DocStruct is a document structure recovery system that combines native PDF parsing with optical character recognition (OCR) through a dual-track fusion pipeline. It produces structured, provenance-annotated outputs from heterogeneous document formats including PDF, DOCX, PPT, and PPTX.
For documentation in Korean, refer to docs/README.ko.md.
- Abstract
- System Architecture
- Processing Pipeline
- Module Descriptions
- Page Classification
- Installation
- Usage
- Output Specification
- Configuration Reference
- Development and Testing
- Known Limitations
- Release Policy
- Contributing
Document digitization workflows frequently encounter a fundamental tension: native PDF text extraction preserves layout fidelity for programmatically generated files but fails on scanned or image-rendered content, whereas OCR provides broad coverage at the cost of increased error rates and hallucination risk. DocStruct addresses this problem through a dual-track, evidence-fusion architecture in which a parser track and an OCR track operate independently per page, and a dedicated fusion engine resolves conflicts by geometric alignment, textual similarity scoring, and source-aware confidence heuristics.

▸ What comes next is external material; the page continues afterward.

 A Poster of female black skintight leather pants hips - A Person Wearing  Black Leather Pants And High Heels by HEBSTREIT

The system is implemented in Rust with a Python OCR bridge, supports Korean-specific normalization (Hangul composition, decomposed jamo degradation scoring), and exports results in JSON, Markdown, plain text, and annotated debug HTML. Each output block carries a provenance label (parser, ocr, or fused) enabling downstream auditability.

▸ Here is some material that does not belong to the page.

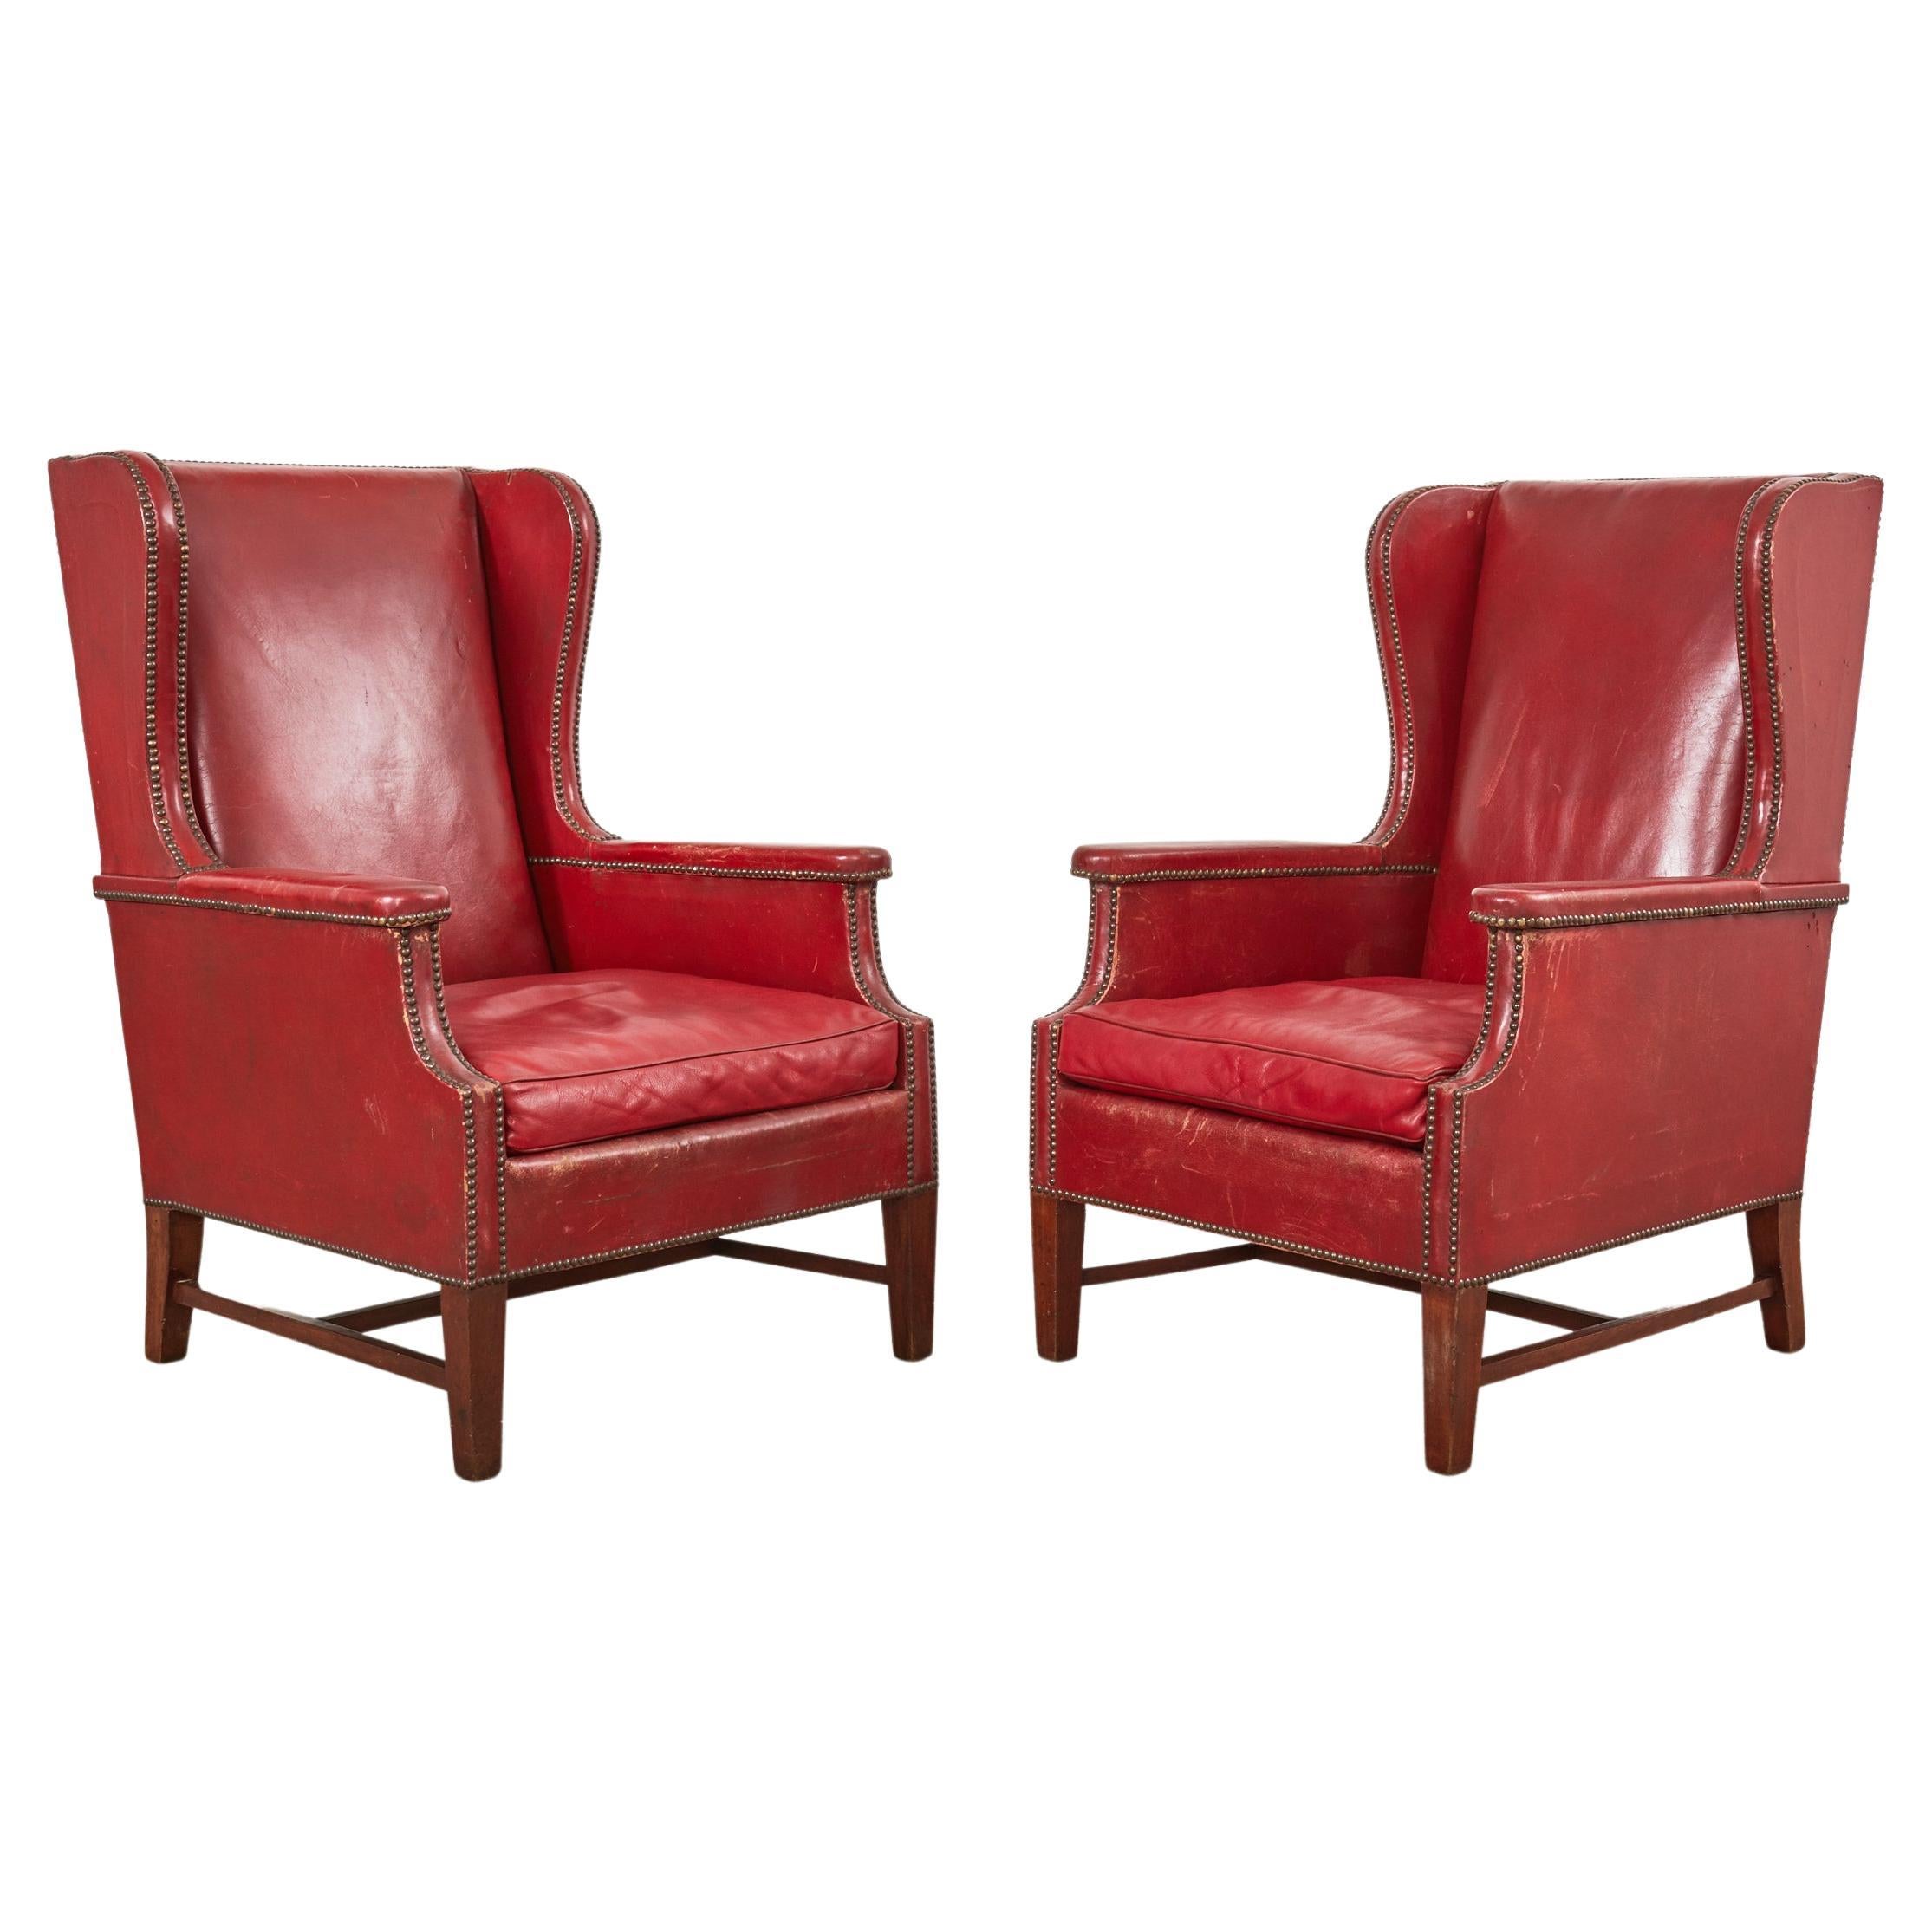 Pair of French Art Deco Cherry Red Leather Wingback Chairs For Sale

Figure 1 provides a high-level component view of DocStruct, illustrating the three principal subsystems and their external dependencies.
graph TB
subgraph Input["Input Layer"]
I1[PDF]
I2[DOCX]
I3[PPT / PPTX]
end
subgraph Core["DocStruct Core · Rust"]
direction TB
CFG[PipelineConfig]
PL[pipeline::build_document]
subgraph Parser["Parser Track"]
PR[pdf_reader]
PL2[parser::layout_builder]
HG[hangul normalizer]
end
subgraph OCR["OCR Track"]
RND[ocr::renderer\nPageRenderer]
BRG[ocr::bridge\nOcrBridge]
OLB[ocr::layout_builder]
end
subgraph Fusion["Fusion Engine"]
ALN[align · IoU / centroid]
CMP[compare · text similarity]
RSV[resolve · conflict resolution]
FNL[finalize · page class]
end
subgraph Export["Export Layer"]
EJ[JSON]
EM[Markdown]
ET[Plain Text]
EH[Debug HTML]
end
end
subgraph Ext["External Runtime Dependencies"]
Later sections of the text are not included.